2. **Model selection** — does the LRT correctly prefer the additive model when
   contamination is purely additive (:math:`b_i = 0`), and reject it in favour
   of the combined model when multiplicative contamination is present?

Experimental design
-------------------

.. list-table::
   :widths: 30 70
   :header-rows: 1

   * - Parameter
     - Value
   * - NSIDE
     - 32  (pixel area ≈ 3.4 deg²; ~8 064 unmasked pixels)
   * - Total systematic templates
     - 4 (``synth_0`` … ``synth_3``)
   * - Contaminated templates :math:`k`
     - 1, 2, 3  (always the *first* k templates: ``synth_0`` … ``synth_{k-1}``)
   * - Uncontaminated templates
     - ``synth_k`` … ``synth_3``  (a_true = b_true = 0)
   * - Contamination modes
     - ``additive``  — :math:`a_i^{\rm true} \sim \mathcal{N}(0, 0.15)`, :math:`b_i^{\rm true} = 0`
   * -
     - ``multiplicative``  — :math:`a_i^{\rm true} = 0`, :math:`b_i^{\rm true} \sim \mathcal{N}(0, 0.15)`
   * -
     - ``combined``  — :math:`a_i^{\rm true}, b_i^{\rm true} \sim \mathcal{N}(0, 0.15)`
   * - Mocks per (k, mode) cell
     - 5
   * - Total MCMC runs
     - 3 × 3 × 5 × 2 = 90 (both additive and combined models per mock)
   * - MCMC walkers / steps / burn-in
     - (script defaults: 110 / 400 / 80)
   * - S/N threshold for detection
     - 2.0
   * - Script
     - ``scripts/run_mock_analysis_progressive.py``
   * - Output directory
     - ``results/mock_analysis_progressive/``

Template localisation — S/N per template
-----------------------------------------

For each mock the per-template S/N is defined as

.. math::

   \mathrm{S/N}_{a,i} = \frac{|\hat{a}_i|}{\sqrt{\mathrm{Var}[\hat{a}_i]}}, \qquad
   \mathrm{S/N}_{b,i} = \frac{|\hat{b}_i|}{\sqrt{\mathrm{Var}[\hat{b}_i]}}.

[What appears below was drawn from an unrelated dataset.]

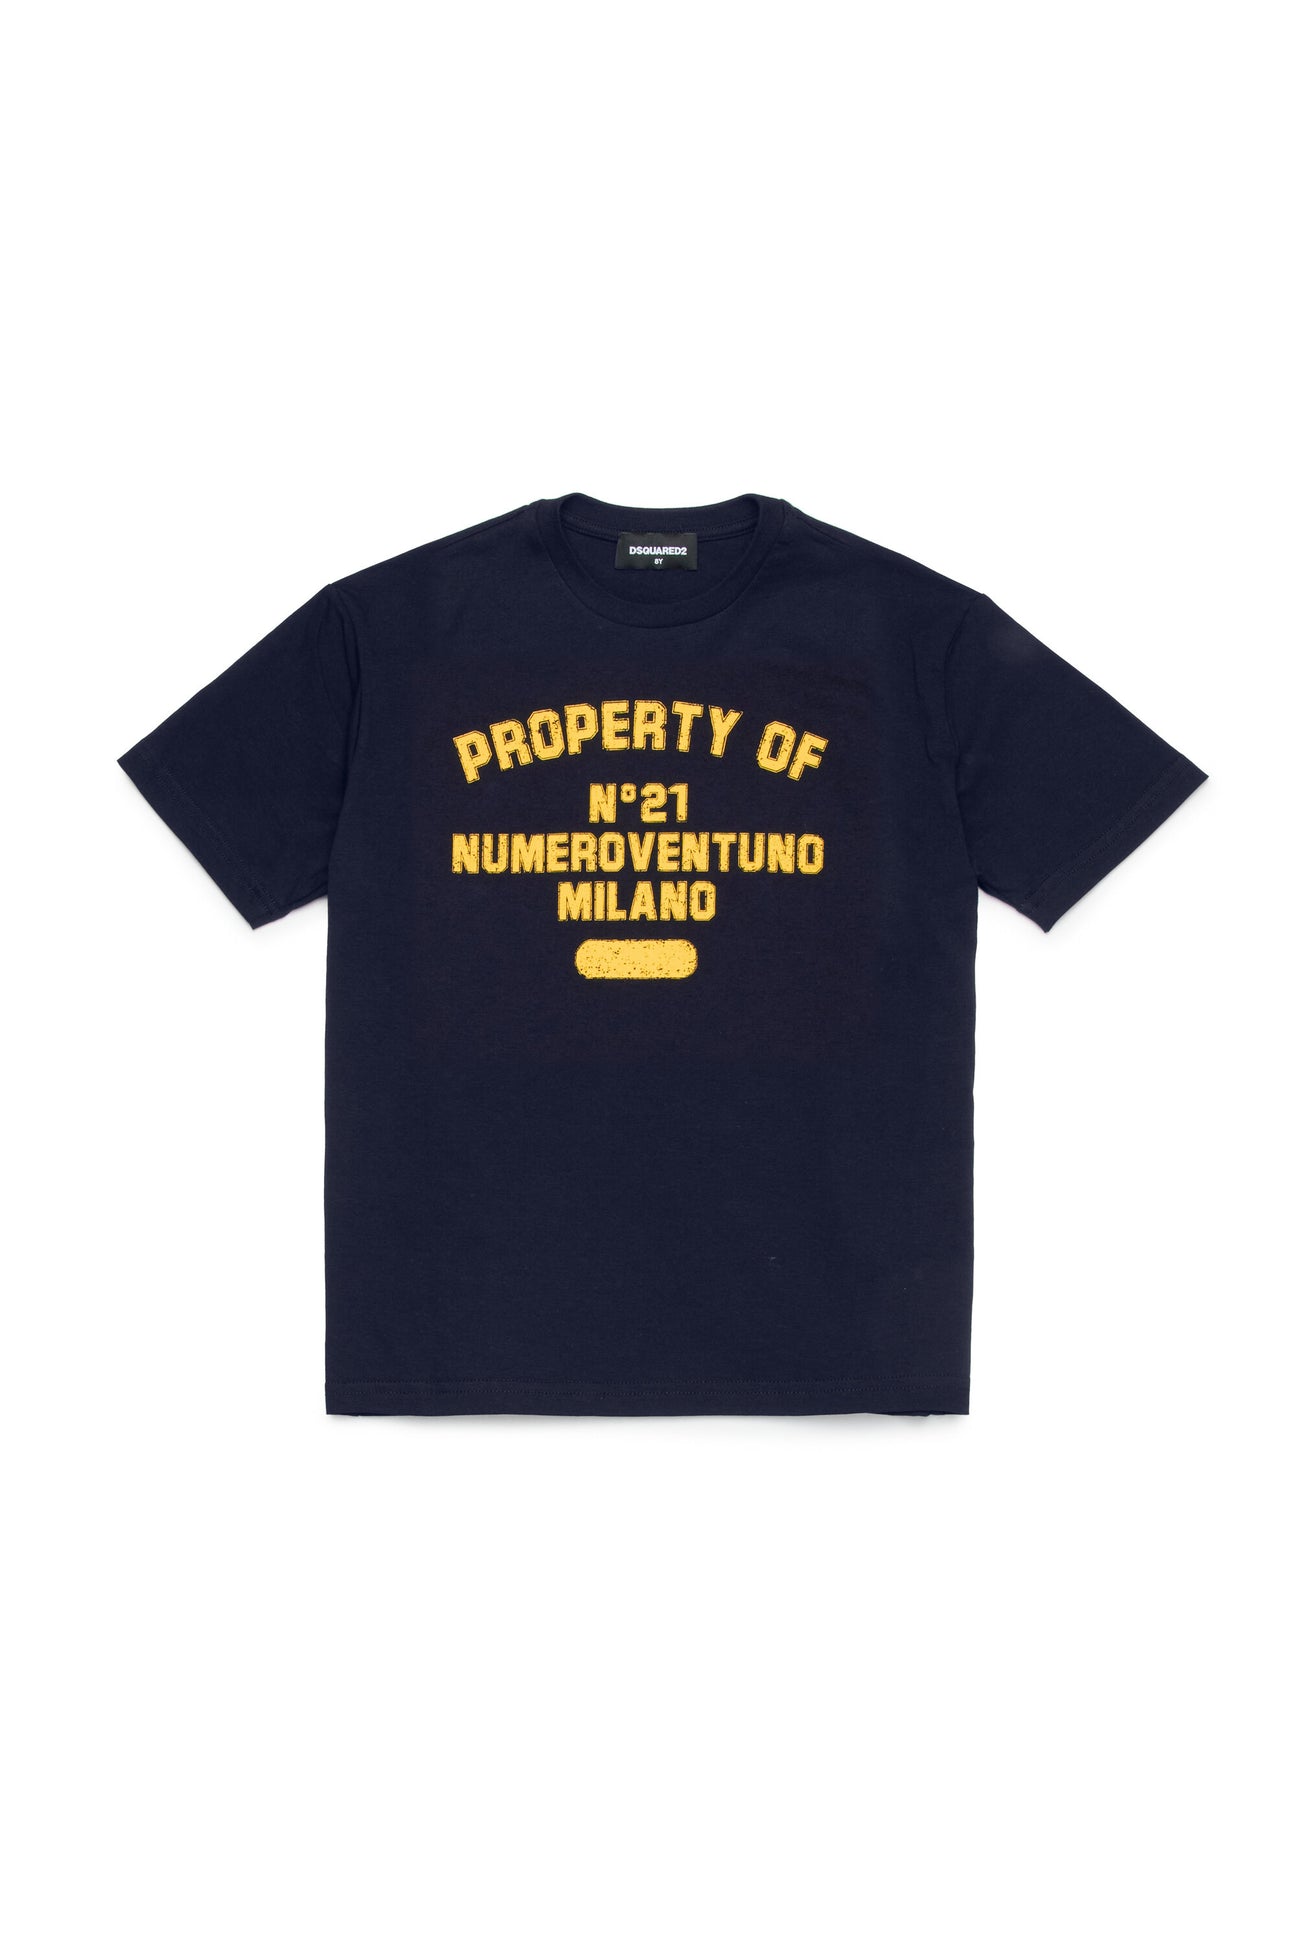 T-shirt con logo Property of N°21

A template is **detected** if its S/N exceeds 2.0.  The figure shows
the mean S/N ± std across 5 mocks for each (k, mode) cell.  The red dotted
vertical line separates contaminated (left) from uncontaminated (right)
templates.  Bars to the left of the line should exceed the dashed S/N = 2
threshold; bars to the right should stay below it.

.. figure:: _static/results_progressive_contamination/progressive_snr_grid.png
   :width: 95%
   :align: center
   :alt: S/N grid across k and contamination mode

   **Per-template S/N grid** for all 9 (k, mode) cells.  Each panel shows
   mean ± std across 5 mocks.  Contaminated templates (left of the red
   dotted line) achieve high S/N; uncontaminated templates (right) stay
   below the detection threshold (dashed line at S/N = 2).

LRT model selection
--------------------

The null hypothesis is the **additive** model; the alternative is the
**combined** model.  The correct LRT decision is:

* **additive** mode → do *not* reject null (additive model is correct)
* **multiplicative** / **combined** mode → reject null (combined model needed)

Detection performance
---------------------

The heatmaps below summarise template-detection and model-selection performance
across all 9 (k, mode) cells.  Values are averaged over 5 mocks.

.. figure:: _static/results_progressive_contamination/progressive_detection_rates.png
   :width: 90%
   :align: center
   :alt: Detection rate heatmaps

   **Detection rate heatmaps** for TP (left), FP (centre), and LRT correct
   rate (right) across all 9 (k, mode) cells.

.. figure:: _static/results_progressive_contamination/progressive_lrt_summary.png
   :width: 70%
   :align: center
   :alt: LRT lambda distribution across cells

   **LRT statistic** (median λ_LR) per (k, mode) cell.  Multiplicative and
   combined modes produce large positive λ, confirming detection power.
   Additive modes (where the null is true) cluster near zero.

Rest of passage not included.